→ **Data**
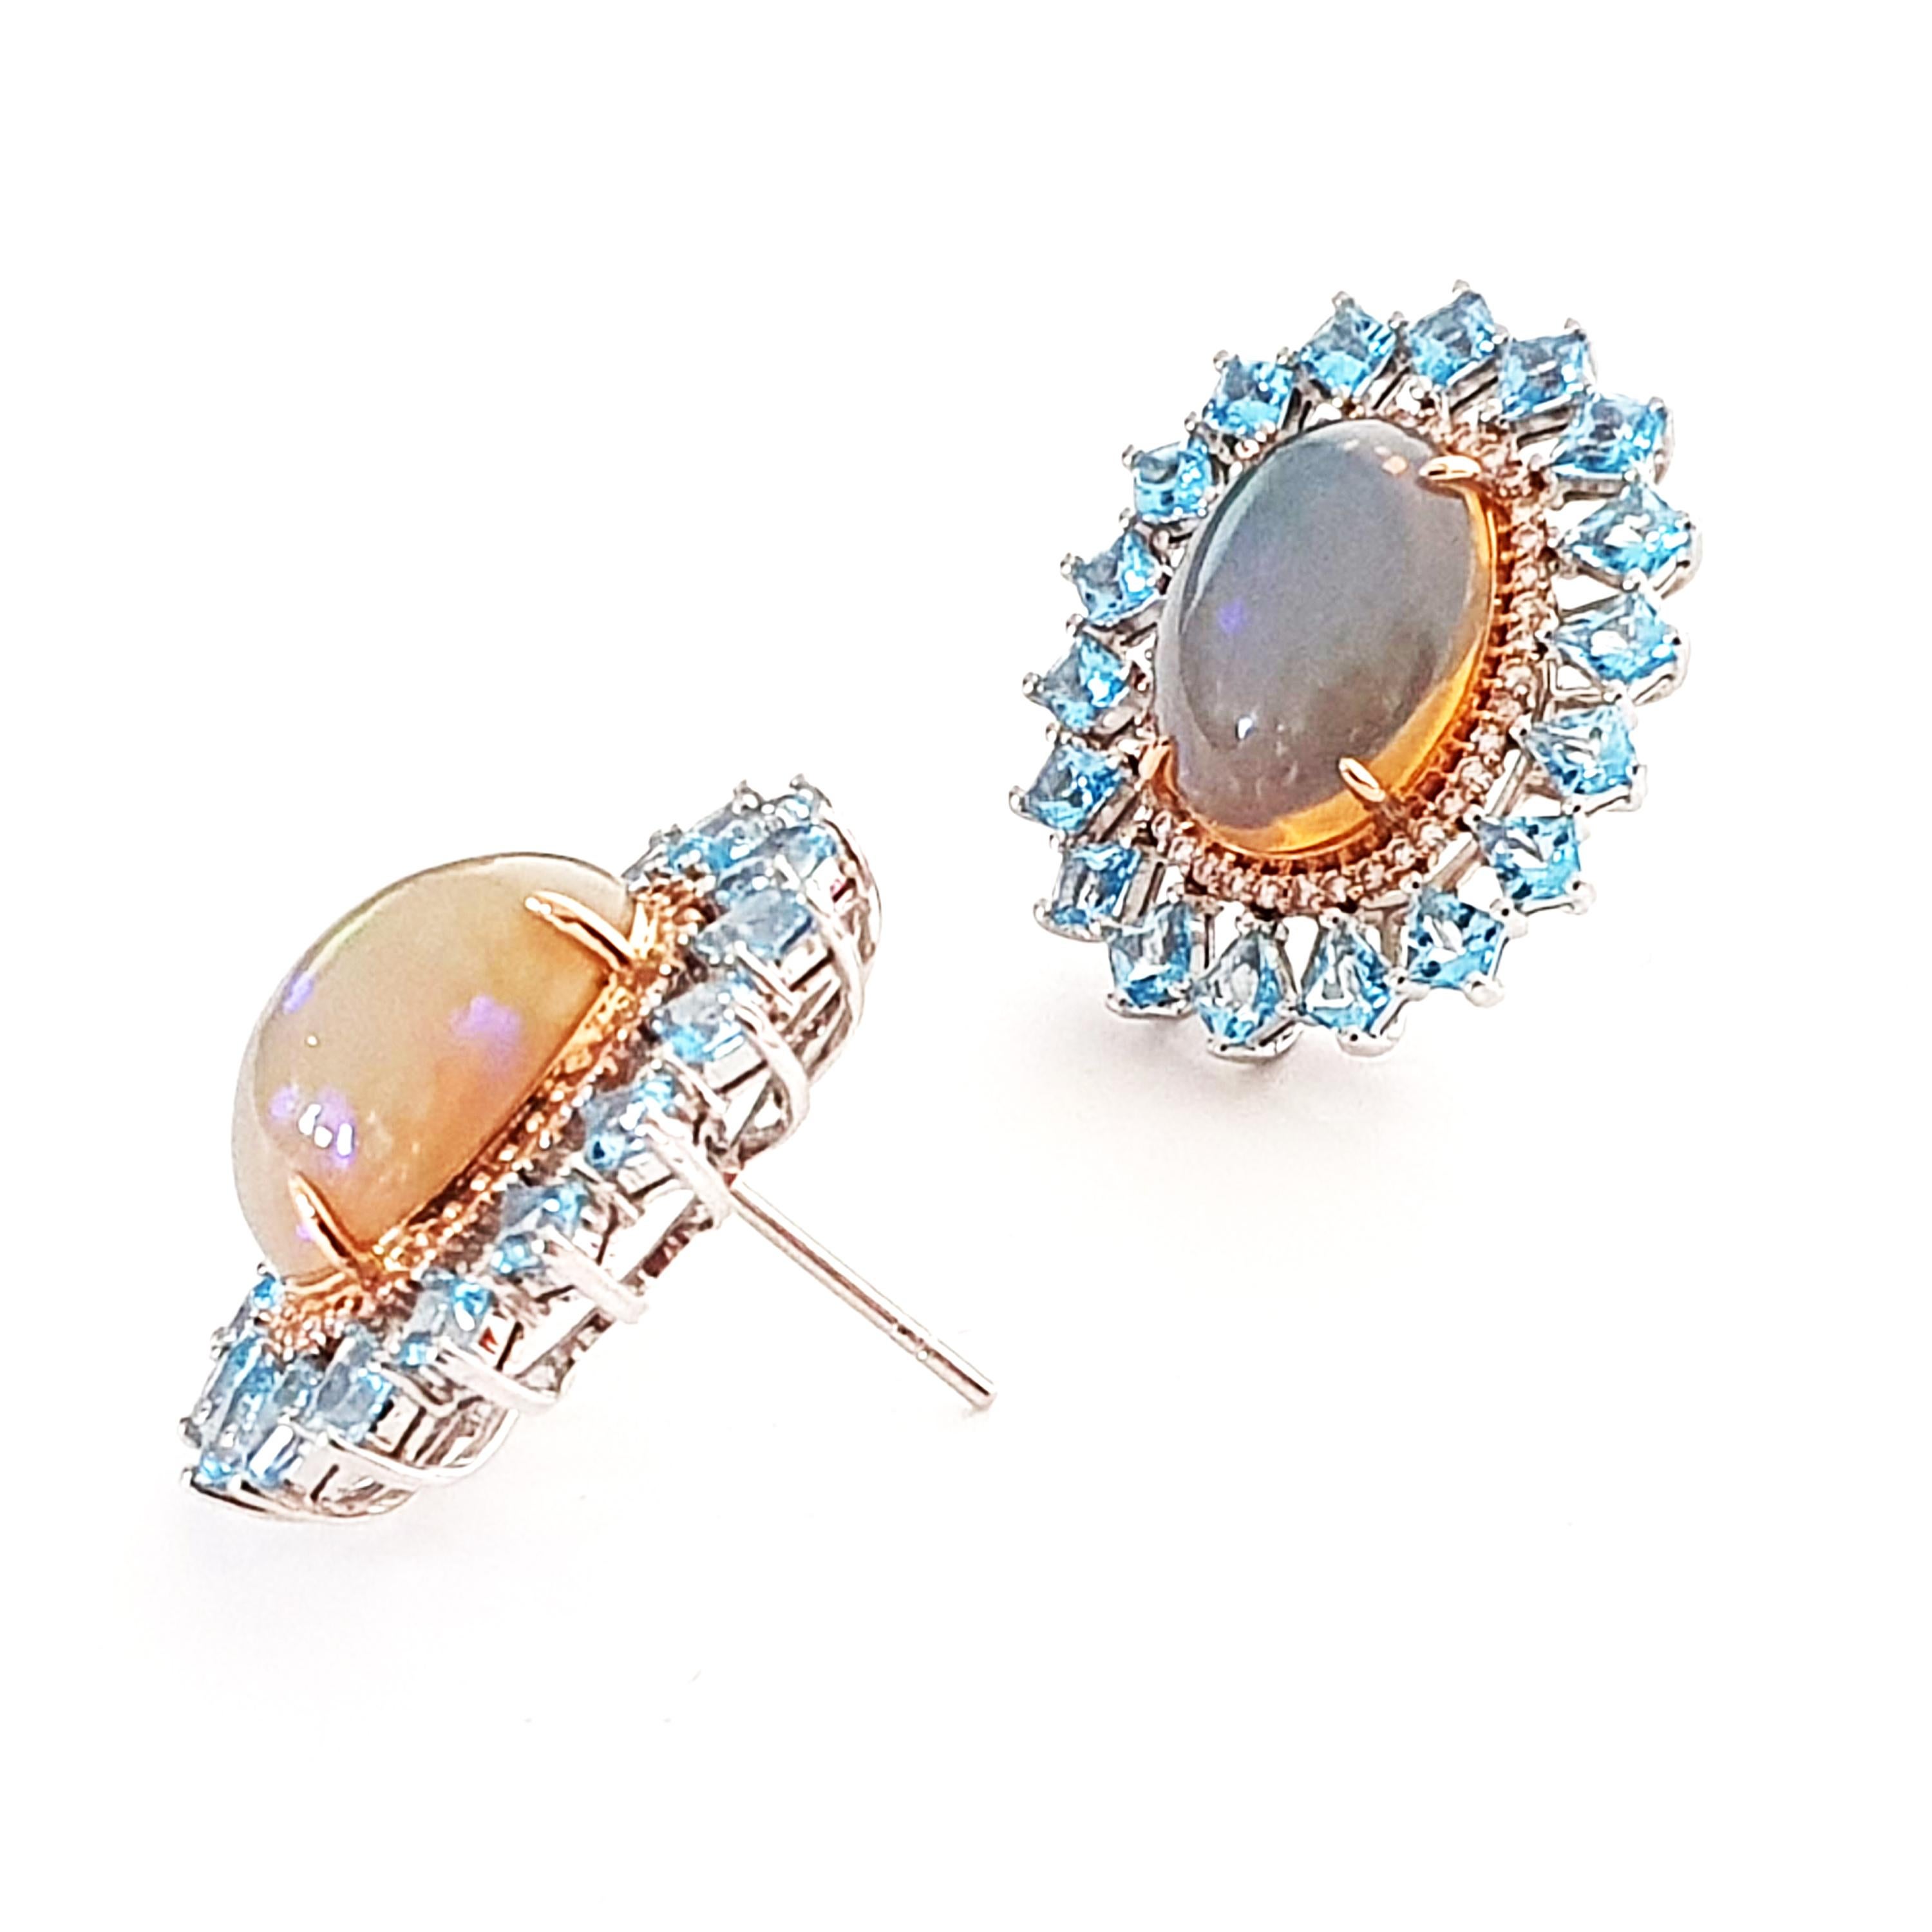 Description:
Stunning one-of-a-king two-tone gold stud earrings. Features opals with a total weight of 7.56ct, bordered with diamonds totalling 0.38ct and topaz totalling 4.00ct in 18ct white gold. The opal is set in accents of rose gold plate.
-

→ **What you need to do**
Except for the pictures, write the data out exactly.

→ **Worked solution**
 Description:
Stunning one-of-a-king two-tone gold stud earrings. Features opals with a total weight of 7.56ct, bordered with diamonds totalling 0.38ct and topaz totalling 4.00ct in 18ct white gold. The opal is set in accents of rose gold plate.
-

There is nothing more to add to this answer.